The Long Sentence Problem
Training uses backpropagation unrolled across time steps. And here's where the familiar problem returns: the vanishing gradient from Post 07.
For a sequence of 50 words, the gradient gets multiplied by the weight matrix at each step backward. That's 50 multiplications. The gradient reaching step 1 is effectively zero. The network forgets the beginning of the sentence. Like my early reading days: by the end of a long sentence, I'd forgotten how it started.
In Post 07, skip connections fixed vanishing gradients by adding a direct additive path. We need the same idea, but for time.
LSTM: Learning to Read Fluently
Think about what changes when reading becomes fluent. You stop processing letter by letter. You chunk into words, phrases, meaning. More importantly, you become selective. You don't hold every word in memory with equal weight. You retain what matters: the subject, the tension, the unresolved question. You discard the filler.
That selectivity is what the Long Short-Term Memory network introduced.
An LSTM has two states: a hidden state (what it's currently working with) and a cell state (long-term memory). The cell state runs through the sequence with only small, controlled modifications, an additive path that lets gradients flow backward without decaying.
Three gates control what happens to memory at each step:
Forget gate: f = sigmoid( W_f × [h(t-1), x(t)] ) → keep or erase old memory?
Input gate: i = sigmoid( W_i × [h(t-1), x(t)] ) → is this input worth storing?
Output gate: o = sigmoid( W_o × [h(t-1), x(t)] ) → what to expose right now?
Cell update: c(t) = f × c(t-1) + i × candidate
Hidden: h(t) = o × tanh( c(t) )
Each gate outputs a value between 0 and 1. Near 1 means "yes, do this." Near 0 means "no, skip it." Consider reading "My teacher said I was slow, but he didn't know I was just getting started." When the network reads "my teacher," the input gate fires high to store the subject. As it reads "said I was slow," the forget gate stays high to keep "teacher" in memory. When it reaches "he," the output gate surfaces "teacher" from memory to resolve the reference.
All three gates are learned from data. Nobody programs when to remember or forget.
The cell state update is additive: old memory plus new information. That additive structure is what saves the gradient. Instead of multiplying through a squashing function at every step, gradients flow through the cell state with far less decay. Same idea as the ResNet skip connection from Post 07, applied to time instead of depth.
The hidden state isn't a recording of the past. It's a compressed summary of the parts that seem relevant for predicting what comes next.
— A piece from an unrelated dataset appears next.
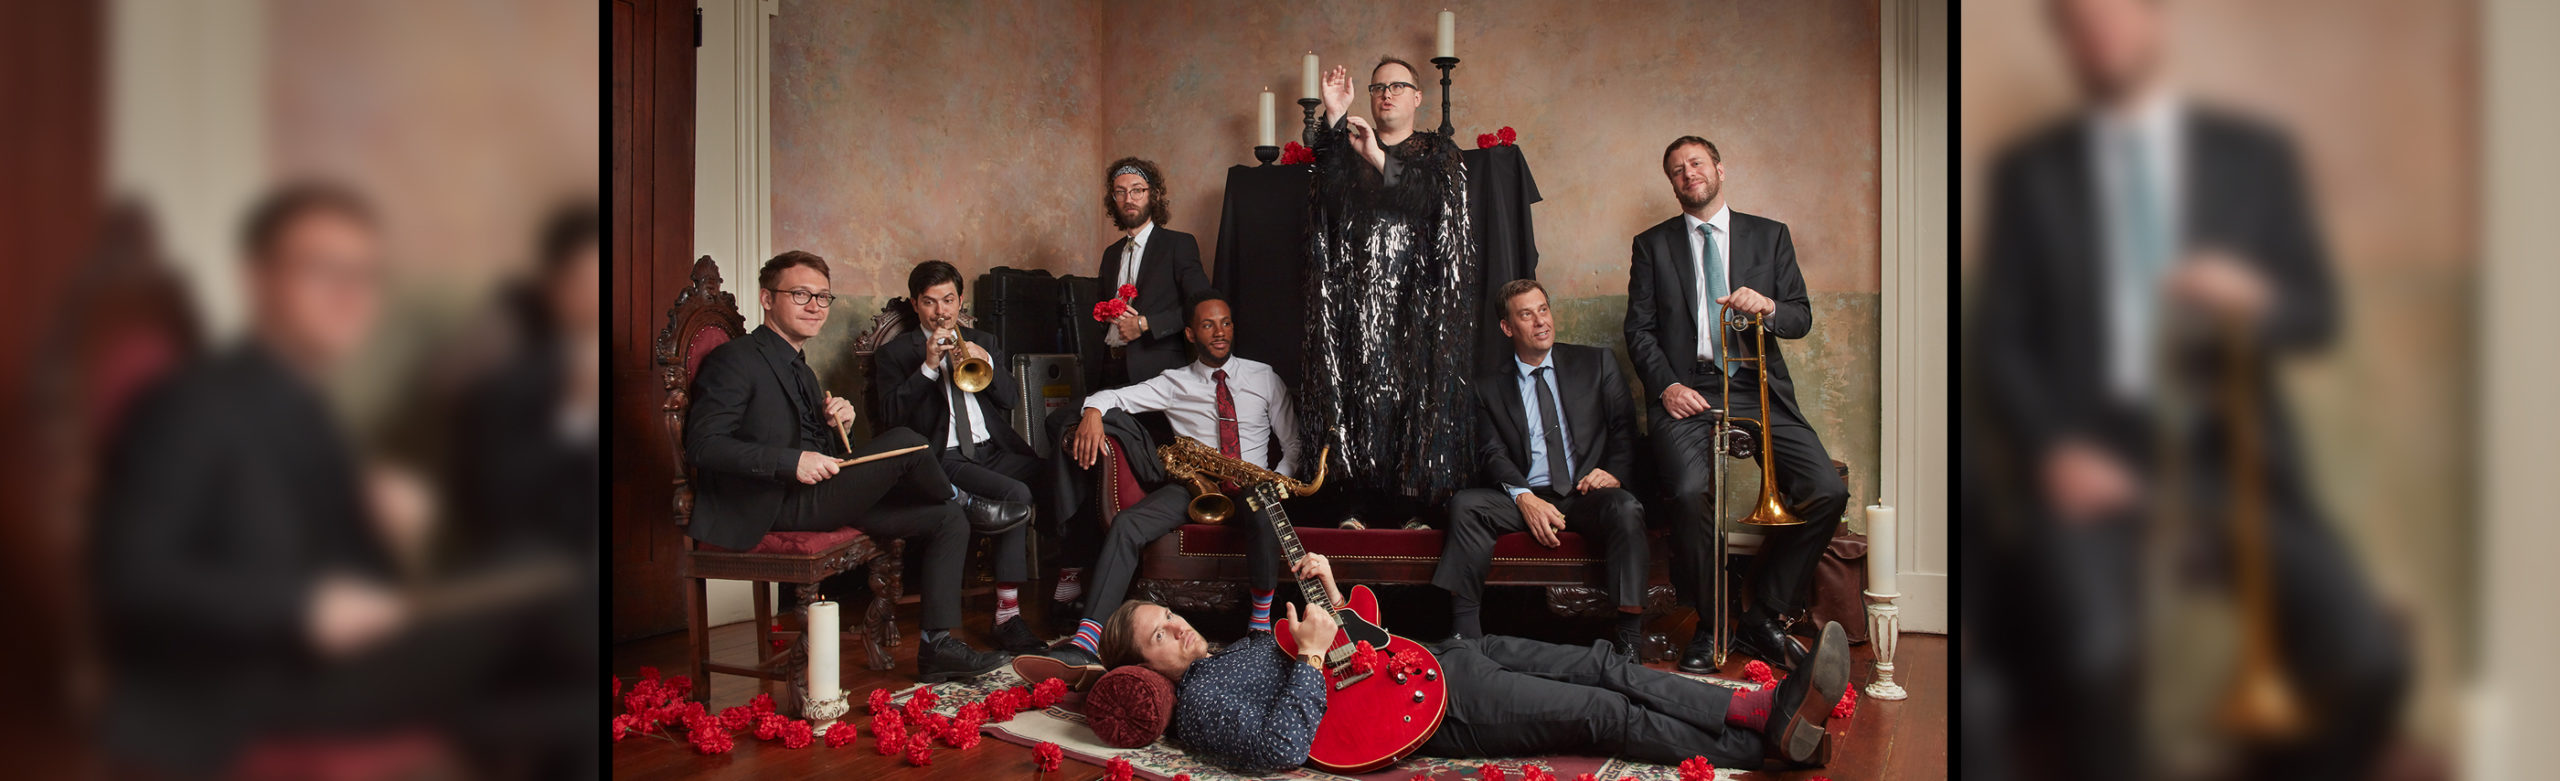 Event Info: St. Paul and the Broken Bones at the Wilma 2019 Image

Just like a fluent reader doesn't remember the exact words from three pages ago, but does remember that the detective is suspicious of the butler.
See It
Open the playground. Train both a vanilla RNN and an LSTM, then pick a sentence length and watch the confidence bars update word by word. You'll see the exact step where the vanilla RNN changes its mind and the LSTM doesn't.
That's the difference between letter-by-letter reading and fluent reading. One forgets. The other holds on.
What's Next
RNNs gave networks memory. But they process sequences step by step. Step 2 waits for step 1. Step 50 waits for step 49. For a sequence of 100 tokens, that's 100 sequential operations. You can't parallelize.
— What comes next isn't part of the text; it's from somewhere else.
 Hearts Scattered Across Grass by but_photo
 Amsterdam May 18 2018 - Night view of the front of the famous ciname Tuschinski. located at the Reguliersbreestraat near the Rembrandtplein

There's a deeper problem too. The hidden state has to compress everything seen so far into a fixed-size vector. For long sequences, that bottleneck loses information no matter how good the gating is.
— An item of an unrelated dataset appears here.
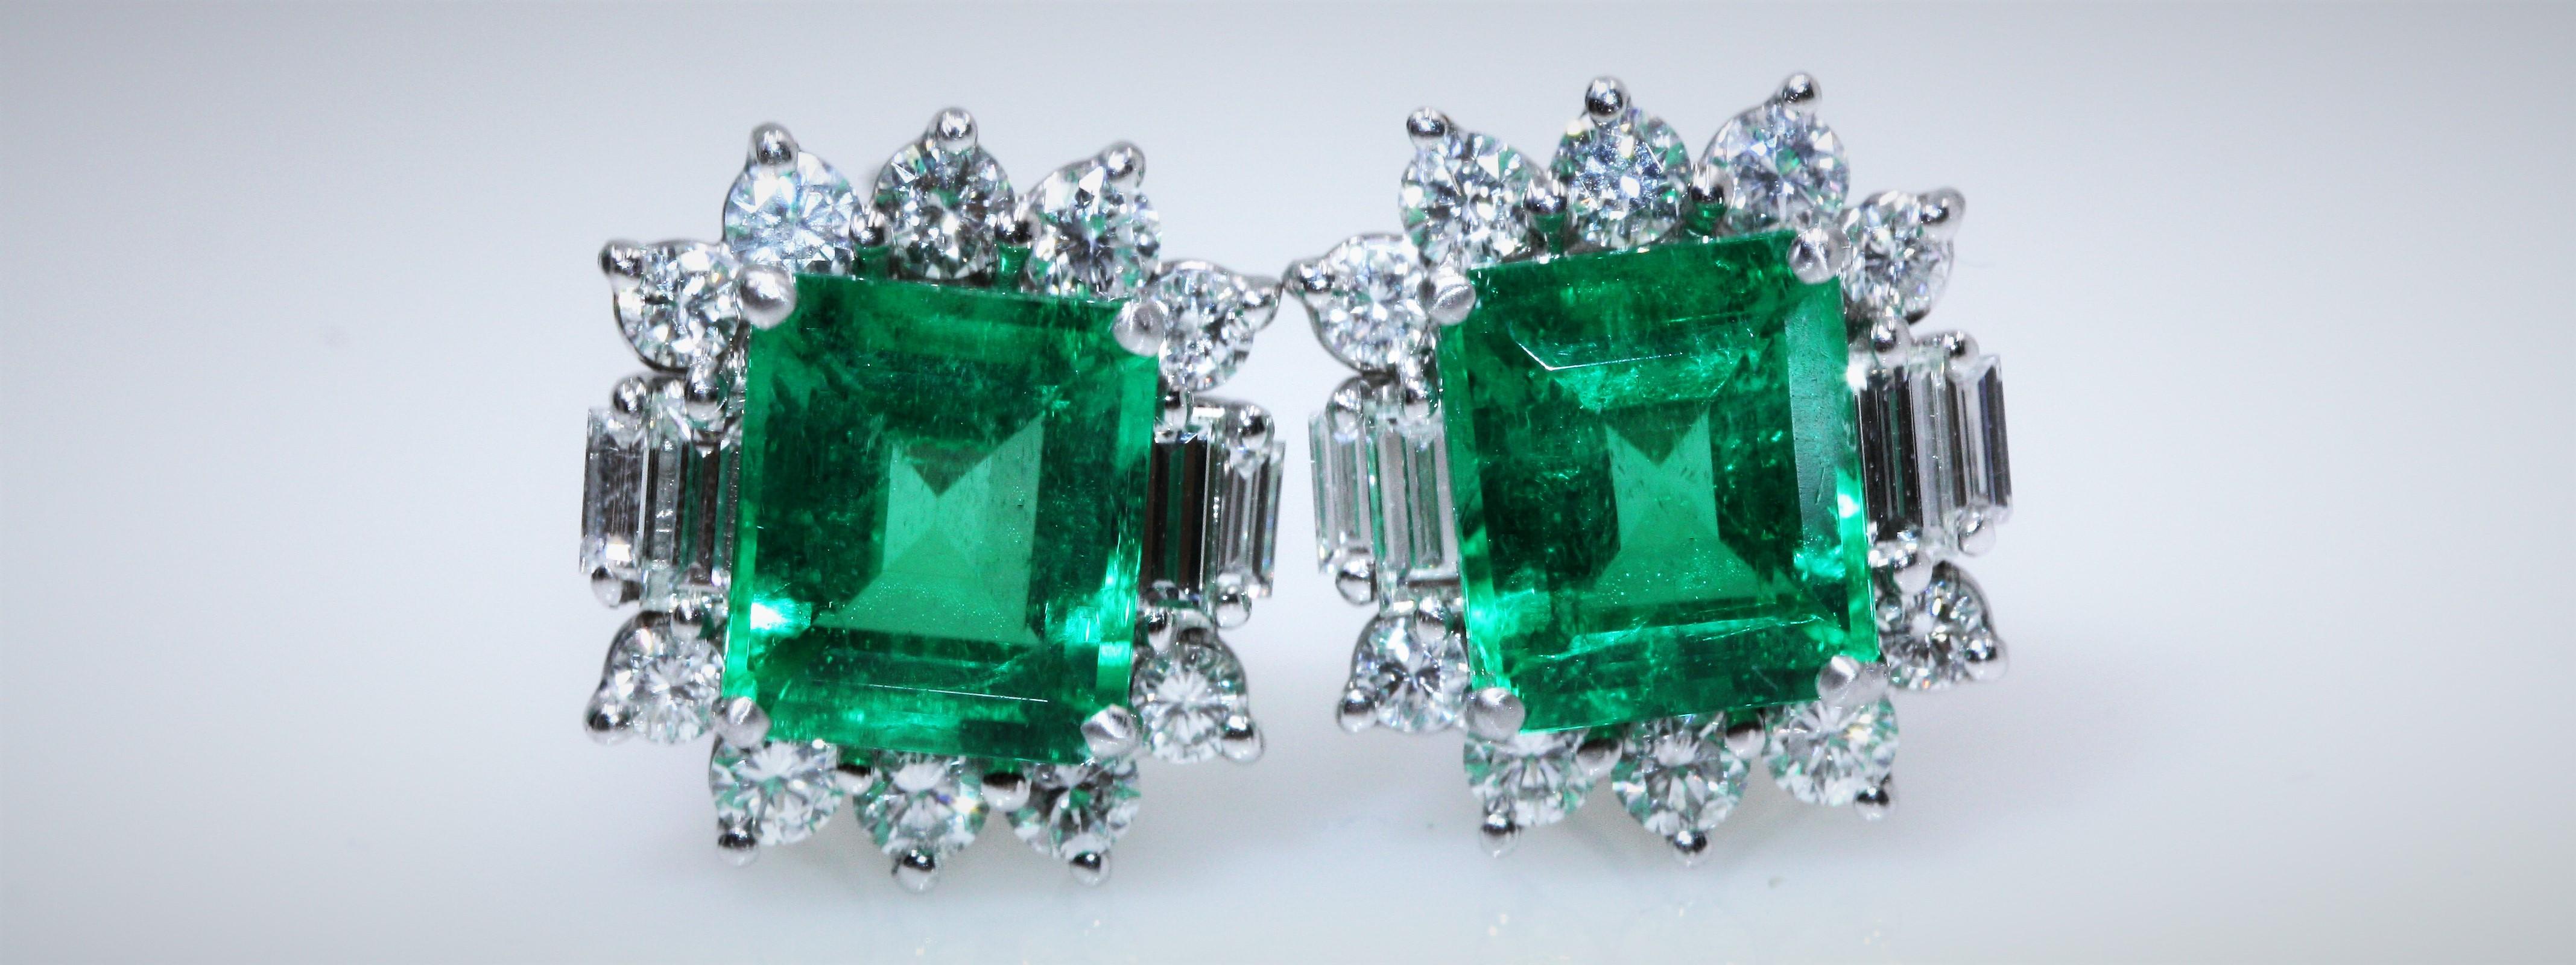 Columbia Emerald White Gold Diamond Earrings, Insignificant Oil For Sale 3

What if the network could look back at any part of the input directly, regardless of distance? No compression. No sequential chain.
That's attention. And it's what made Transformers possible.
References:
Hochreiter, S., & Schmidhuber, J. (1997). Long Short-Term Memory. Neural Computation, 9(8).
Cho, K., et al. (2014). Learning Phrase Representations using RNN Encoder-Decoder. EMNLP.